On Fri, Aug 27, 2021 at 11:44:16AM -0300, Marcelo Tosatti wrote:
> On Fri, Aug 27, 2021 at 03:08:20PM +0200, Frederic Weisbecker wrote:
> > Ok so to make things clearer, may I suggest:
> >
> > s/PR_ISOL_FEAT/PR_ISOL_GET_FEAT

<nit>
In fact PR_ISOL_FEAT_GET so that it follows the same naming convention
than PR_ISOL_CFG_GET/PR_ISOL_PARAM_GET and PR_ISOL_ACTIVATE_GET


> > But then suppose I do this:
> >
> > prctl(PR_ISOL_SET, ISOL_F_QUIESCE_ONCE, ISOL_F_QUIESCE_VMSTATS, ...)
> > prctl(PR_ISOL_CTRL_SET, ISOL_F_QUIESCE_ONCE, ...) //will quiesce on this return only
> > prctl(PR_ISOL_CTRL_GET, ...)
> >
> > What should PR_ISOL_CTRL_GET return above?

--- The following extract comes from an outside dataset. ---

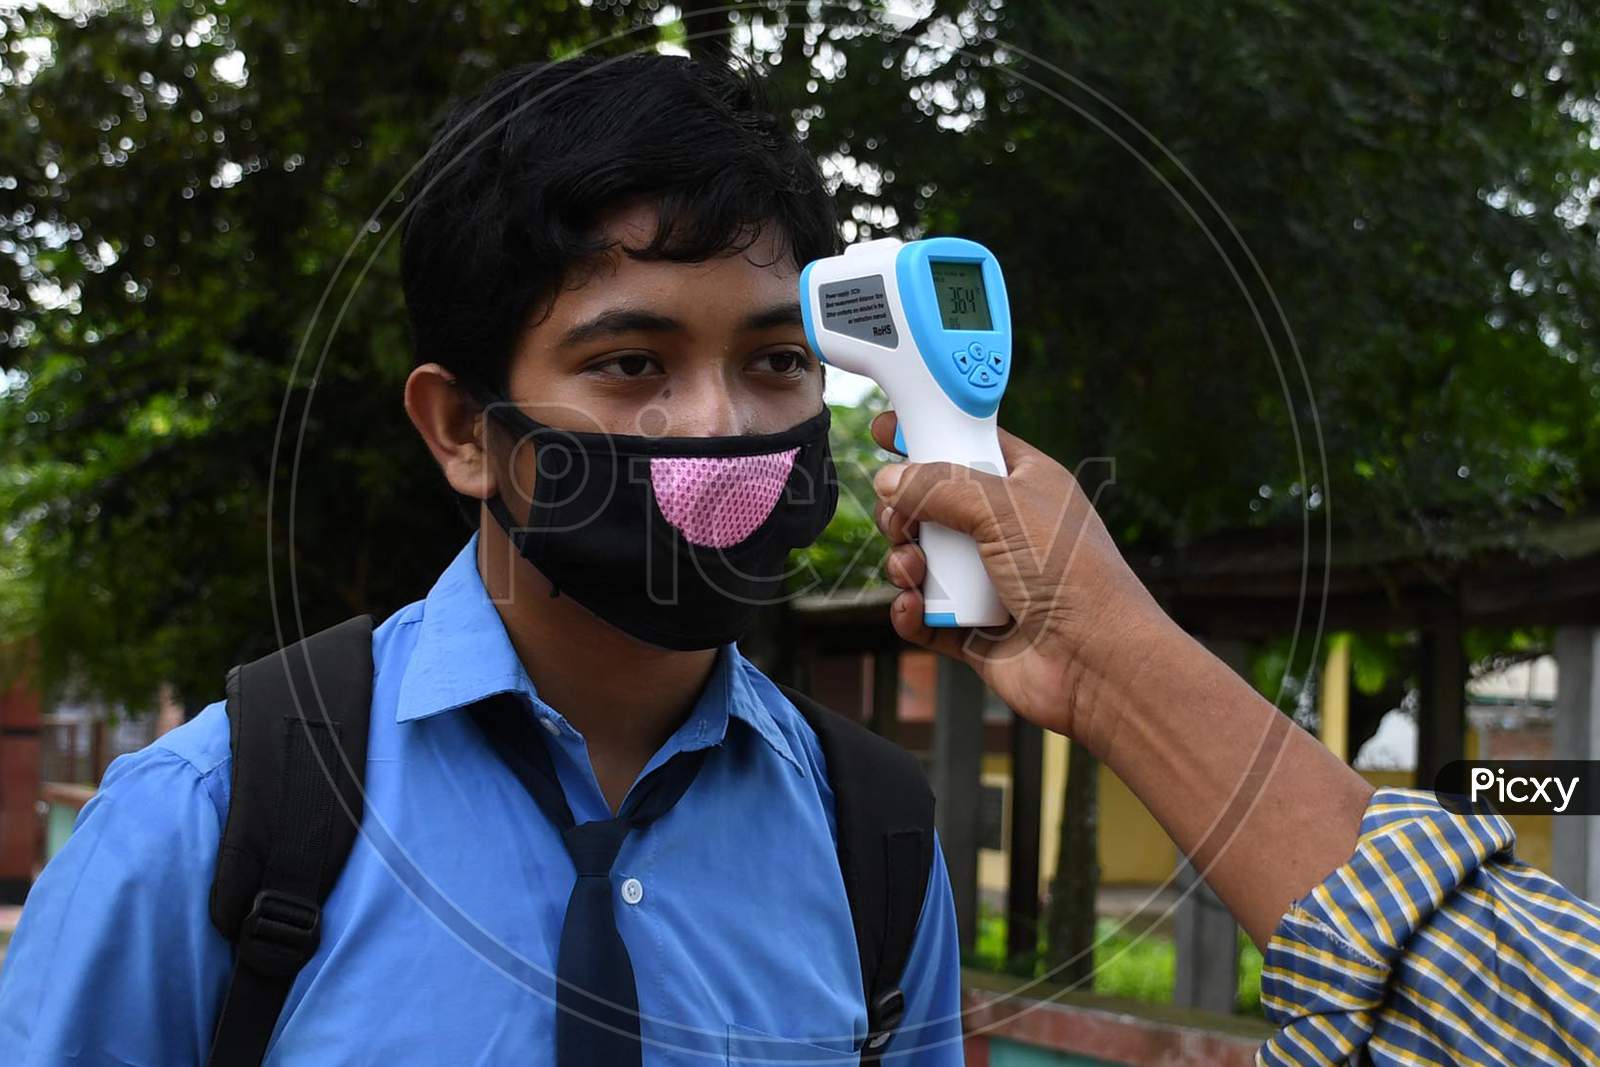 A student  gets his  body temperature check at the entrance gate of a school as schools reopened after more than 5-months closure due to the Covid-19 coronavirus pandemic in  Nagaon District of Assam on  sep 21,2020.

Probably nothing.
>
> Yeah, nothing.
>
> So the "quiesce once" feature, as i understand, was suggested by
> Christoph for the following type of application:
>
> lat_loop:
>
> do {
> events = pending_events();
> if (events & DATAPATH_EVENT)
> process_data()
> } while (!(events & UNFREQUENT_ERROR_EVENT))
>
> syscall1()
> syscall2()
> ...
> syscallN()
> goto lat_loop;
>
> With the V3 patchset, one would have to:
>
> prctl(PR_ISOL_SET, ISOL_F_OTHER, ...);
> prctl(PR_ISOL_SET, ISOL_F_QUIESCE, ISOL_F_QUIESCE_VMSTATS, ...);
> ...
> prctl(PR_ISOL_CTRL_SET, ISOL_F_QUIESCE|ISOL_F_OTHER);
> lat_loop:
> do {
> events = pending_events();
> if (events & DATAPATH_EVENT)
> process_data()
> } while (!(events & UNFREQUENT_ERROR_EVENT))
>
> /* disables quiescing while executing system calls */
> prctl(PR_ISOL_CTRL_SET, ISOL_F_OTHER);
> syscall1()
> syscall2()
> ...
> syscallN()
>
> /* no more system calls, enables quiescing */
> prctl(PR_ISOL_CTRL_SET, ISOL_F_QUIESCE|ISOL_F_OTHER);
> goto lat_loop;
>
> But for an interface with less system calls (true "quiesce once") one could do:
>
> prctl(PR_ISOL_SET, ISOL_F_OTHER, ...);
> /* rather than do it at _CTRL_SET as you suggest, enable it at
> * configuration time.
> */
> prctl(PR_ISOL_SET, ISOL_F_QUIESCE, ISOL_F_QUIESCE_VMSTATS|ISOL_F_QUIESCE_ONCE, ...);
> ...
>
> lat_loop:
> prctl(PR_ISOL_CTRL_SET, ISOL_F_QUIESCE|ISOL_F_OTHER);
> do {
> events = pending_events();
> if (events & DATAPATH_EVENT)
> process_data()
> } while (!(events & UNFREQUENT_ERROR_EVENT))
>
> /* disables quiescing while executing system calls */
> syscall1()
> syscall2()
> ...
> syscallN()
>
> goto lat_loop;
>
> But see how it starts to get weird: both versions (new feature,
> ISOL_F_QUIESCE_ONCE, or new "quiesce feature', ISOL_F_QUIESCE_ONCE)
> are using space reserved to
>
> "a list of different features"
> or
> "a list of different quiesce features".
>
> To add something which is not either a new task isolation
> feature or quiesce feature, but a separate control
> (which could apply to all of features, or which one might want
> to apply only to certain features, and in that case a bitmap
> might be specified).
>
> So i think adding a new parameter such as:
>
> prctl(PR_ISOL_SET, ISOL_F_QUIESCE, CMD, arg, ...);
>
> is a good idea. So one can have (with two commands, SET_QUIESCE
> and SET_ONESHOT).
>
> prctl(PR_ISOL_SET, ISOL_F_QUIESCE, SET_QUIESCE, ISOL_F_QUIESCE_VMSTAT);
> prctl(PR_ISOL_SET, ISOL_F_QUIESCE, SET_ONESHOT, ISOL_F_QUIESCE_VMSTAT);
>
> Then its possible to add random commands with random parameters
> (rather than be limited by a single bitmask to control quiescing).
>
> Does that make sense?

We can but it means that the ONESHOT property applies to all ISOL_F_QUIESCE
features. So you can't, for example, quiesce ISOL_F_QUIESCE_VMSTAT only once
and quiesce ISOL_F_QUIESCE_FOO all the time.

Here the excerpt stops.